Atlanta: Nowhere To Hide

Ashley Smith, the former hostage who helped capture Atlanta courthouse gunman Brian Nichols, has been thanked again – this time with more than $70,000 in reward money. And there are other, more lucrative deals, in the works.

Good for her. She saved lives. People are rewarded handsomely all the time in this society for contributing nothing more than bad role-modeling.

As to the city of Atlanta, it got off cheap.

It contributed all of $5,000 of the $70,000 awarded Smith. For relative chump change, it had what remained of its reputational bacon saved by someone who actually showed some presence of mind.

Now to anyone familiar with the race-based, image-conscious inner workings of Atlanta, the whole Keystone Kops scenario – from pseudo security to manhunt mayhem – was no shock. What was truly different, however, was that the unnecessary, unconscionable and tragic deaths of a judge, a court reporter, a sheriff’s deputy and a federal agent couldn’t be covered up in the finest tradition of skewed Atlanta crime statistics.
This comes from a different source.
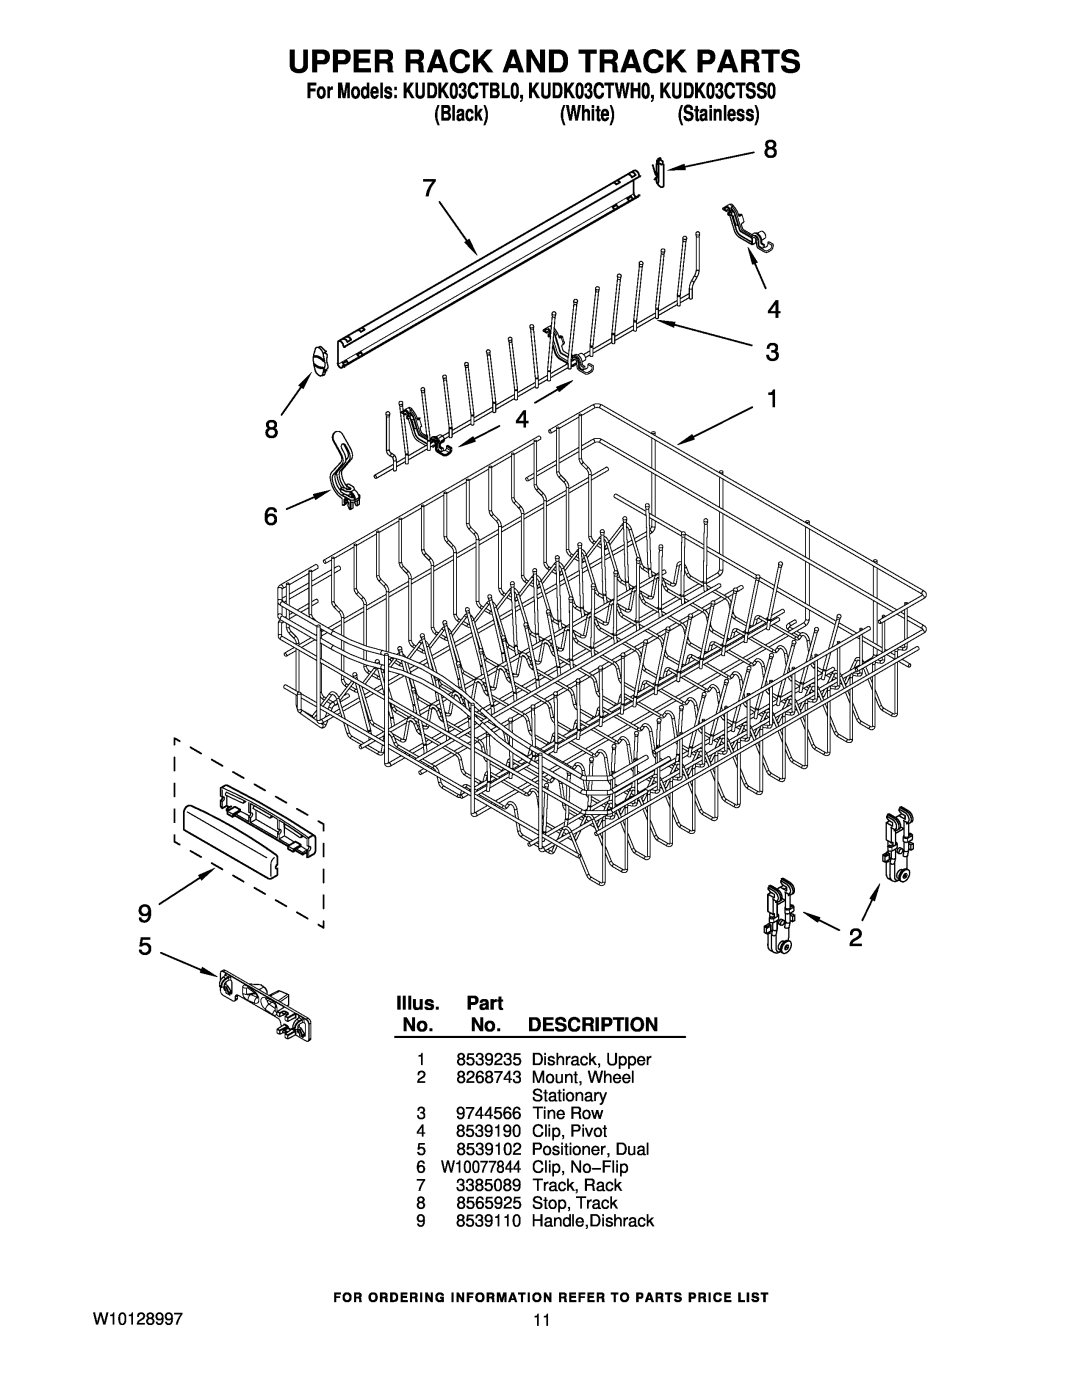 KitchenAid manual Upper Rack And Track Parts, For Models KUDK03CTBL0, KUDK03CTWH0, KUDK03CTSS0, Black White Stainless

The world watched this one. We all knew who did it – and it wasn’t Richard Jewell or Ray Lewis.

Atlanta, long a siren song to the black middle class, has too long skated on its well-marketed, Andy Young-proclaimed renown as “The city that’s too busy to hate.”

Well, if Atlanta were ever actually too busy to hate, it would have been because it was preoccupied cooking the books on crime. But here were four murders – three downtown and one in Buckhead – that couldn’t be concealed from convention planners, Super Bowl task forces and Southeastern Conference basketball tournament officials.

And had it not been for Ashley Smith, a widowed waitress from a nearby suburb, Nichols might still be on the lam.

But at least Wayne Williams remains behind bars. Last we heard.